QT4 CG Meeting 142 Minutes 2025-11-18

Meeting index / QT4CG.org / Dashboard / GH Issues / GH Pull Requests

Minutes
Summary of new and continuing actions [0/4]
1. Administrivia
2. Technical agenda
3. Any other business

Minutes

Approved at meeting 143 on 25 November 2025.

Summary of new and continuing actions `[0/4]`

[ ] QT4CG-140-02: MK to add a note about dealing with binary in parse-csv and parse-json
[ ] QT4CG-141-01: MK to follow up on a comment by JWL on #2269
[ ] QT4CG-142-01: MK to review the “Captured Groups within Lookahead” example.
[ ] QT4CG-142-02: MK to add explanatory note about the difference between typed an untyped values in string-length

1. Administrivia

1.1. Roll call `[9/10]`

Regrets: EP

[X] David J Birnbaum (DB)
[X] Reece Dunn (RD)
[X] Christian Grün (CG)
[X] Joel Kalvesmaki (JK)
[X] Michael Kay (MK)
[X] Juri Leino (JLO)
[X] John Lumley (JWL)
[X] Wendell Piez (WP)
[ ] Ed Porter (EP)
[X] Norm Tovey-Walsh (NW) Scribe. Chair.

1.2. Accept the agenda

Proposal: Accept the agenda.

Accepted.

1.3. Approve minutes of the previous meeting

Proposal: Accept the minutes of the previous meeting.

Accepted.

1.4. Next meeting

The next meeting is planned for 25 November 2025.

Regrets: EP, JLO

1.5. Review of open action items `[0/2]`

[ ] QT4CG-140-02: MK to add a note about dealing with binary in parse-csv and parse-json
[ ] QT4CG-141-01: MK to follow up on a comment by JWL on #2269

1.6. Review of open pull requests and issues

This section summarizes all of the issues and pull requests that need to be resolved before we can finish. See Technical Agenda below for the focus of this meeting.

1.6.1. Blocked

The following PRs are open but have merge conflicts or comments which suggest they aren’t ready for action.

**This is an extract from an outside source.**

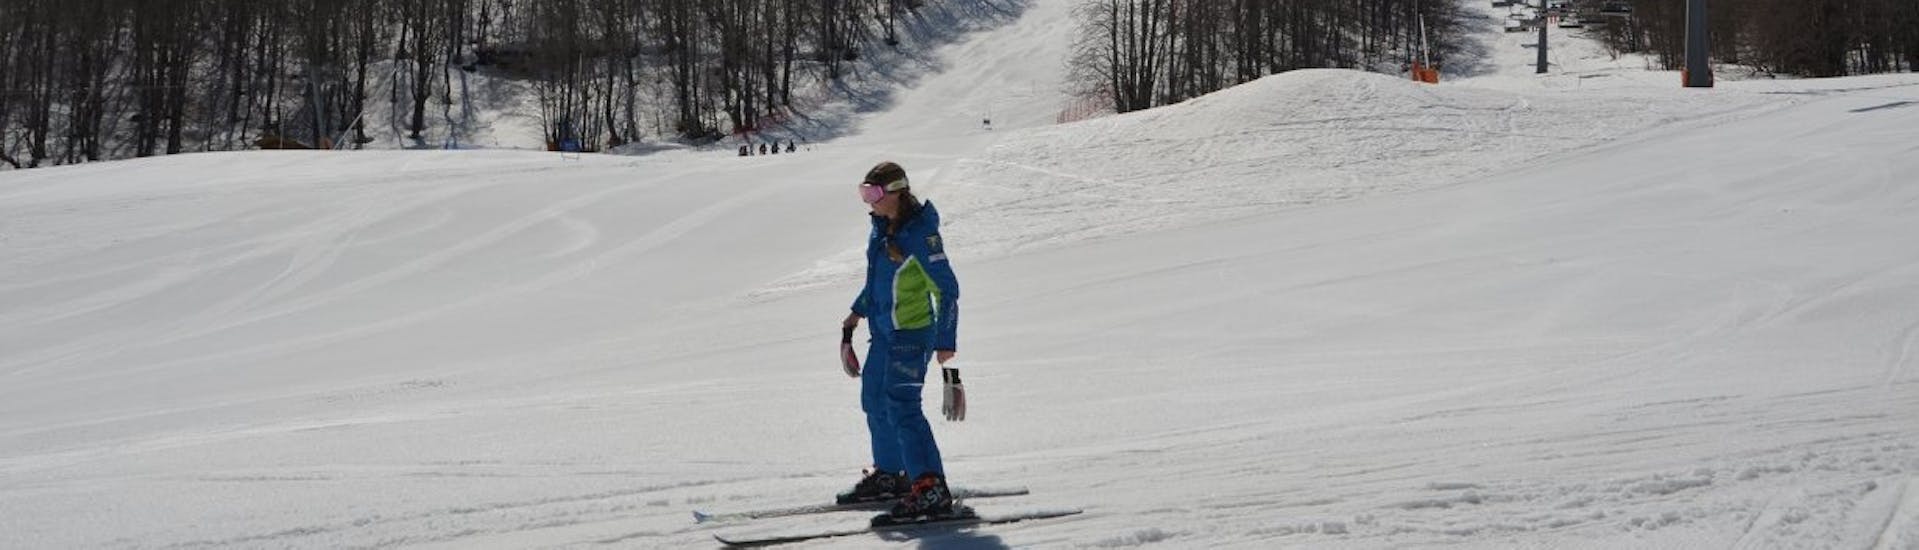 Clases de esquí privadas para adultos a partir de 15 años para todos los niveles.

PR #2256: 2216 All atomic types become ordered
PR #2247: Deferred Evaluation in XPath - the f:generator record
PR #2160: 2073 data model changes for JNodes and Sequences
PR #2124: 573 Functions to Construct Trees
PR #2071: 77c deep update
PR #2019: 1776: XSLT template rules for maps and array

1.6.2. Merge without discussion

The following PRs are editorial, small, or otherwise appeared to be uncontroversial when the agenda was prepared. The chairs propose that these can be merged without discussion. If you think discussion is necessary, please say so.

PR #2293: Updated RELAX NG grammar for XSLT 4.0 stylesheets
PR #2290: Updated schema for XSLT 4.0 stylesheets

Proposal: accept without discussion.

Accepted.

1.6.3. Close without action

It has been proposed that the following issues be closed without action. If you think discussion is necessary, please say so.

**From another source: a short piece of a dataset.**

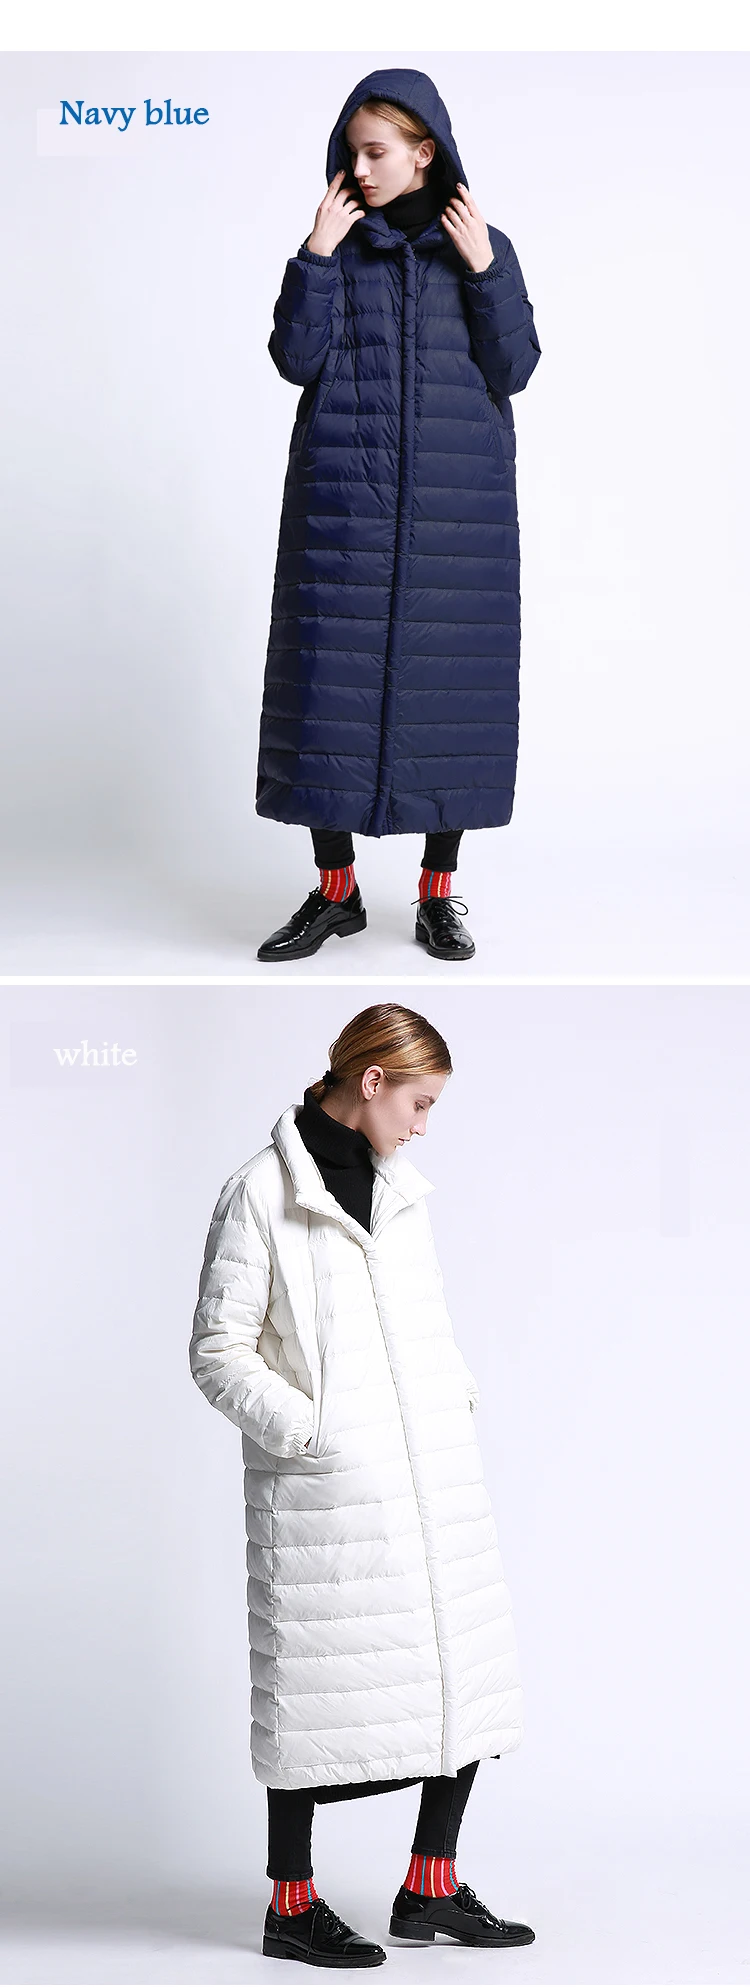 Европейский Модный минималистичный стиль, утолщенная зимняя куртка-пуховик, парка с капюшоном, теплое пальто большого размера, свободная верхняя одежда

Issue #2252: Dynamic XPath Evaluation the functional way
Issue #1618: Adaptive serialization: doubles
JWL: Discussion of #2252 just sort of tailed off…
MK: Yes, I thought we should drop it not because it isn’t doable, but to limit our ambitions.
JLO: I think it would be good to have such a function because almost all XQuery implementations I know already have that function.
CG: I have concerns that it may be too implementation-specific as it revolves around optimizing code. I think there were two proposals in this discussion.
- One was a compiled instance that you could reuse,
- The other was to compile a string into a function item.
MK: Let’s leave #2252 open for the moment then.
CG: I think there have been other discussions about evaluating XPath
- This is more about optimizing
MK: This is primarily about the functionality.

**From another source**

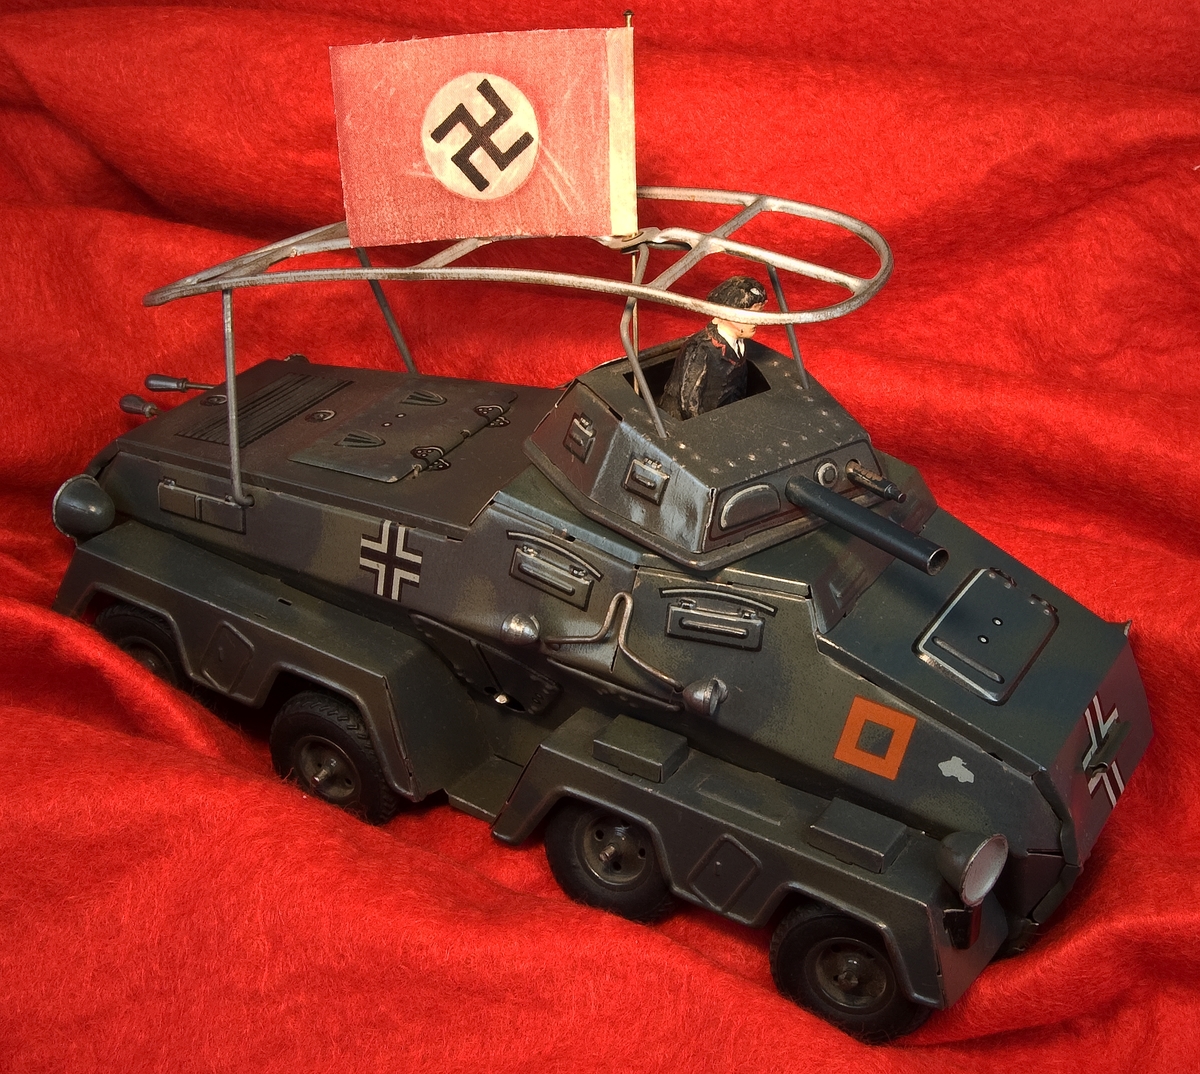 Leksaksstridsvagn av lithograferad plåt. Mörkt grön med dekorationer i rött och vit/svart. Okänd tillverkning. Saknar stämplar. Till stridsvagnen finns en soldat, förmodligen av elastolin, en nazistflagga samt en nyckel för uppskruvning.

Proposal: close #1618 with no further action.

Accepted.

2. Technical agenda

2.1. PR #2246: 2233 Expand xsl:analyze-string; introduce fn:regex-groups()

See PR #2246

MK: Now that regular expressions can match a zero length string, you can find all the word boundaries in an input string. The fn:regex-group function turns out to be somewhat inadequate; it returns the string but not where it found it.
- … This proposes a fn:regex-groups function that returns the string and the matches.
- … There are now “string segments” that are a combination of a substring and its position in the input.
- … We now operate on a non-overlapping sequence of segments.
- … Within a matching substring, you can access the groups.
- … This distinguishes between matches on zero length strings and failure to match
- … The fn:regex-group function is defined in terms of the new function, for backwards compatibility.
JWL: I’d be interested in a comparison between this and the fn:analyze-string function that produces the same sort of output.
- … Is there something to be said here about where one might be preferable?
MK: I think we enhanced fn:analyze-string function to account for zero-length string matches.
- … But I’m not sure it does it quite as well.
JWL: In one case you get a map and in another you get elements. Might be worth saying something here.
JK: I think this is really nice. The definition says that the string segments are non-overlapping. What about look-ahead groups?
MK: The groups can overlap, but the matched segments don’t.
JK: In the example, there are two cyan colored ones. In the first one, I don’t understand the select.
MK: Yes…that is clearly gone wrong somewhere.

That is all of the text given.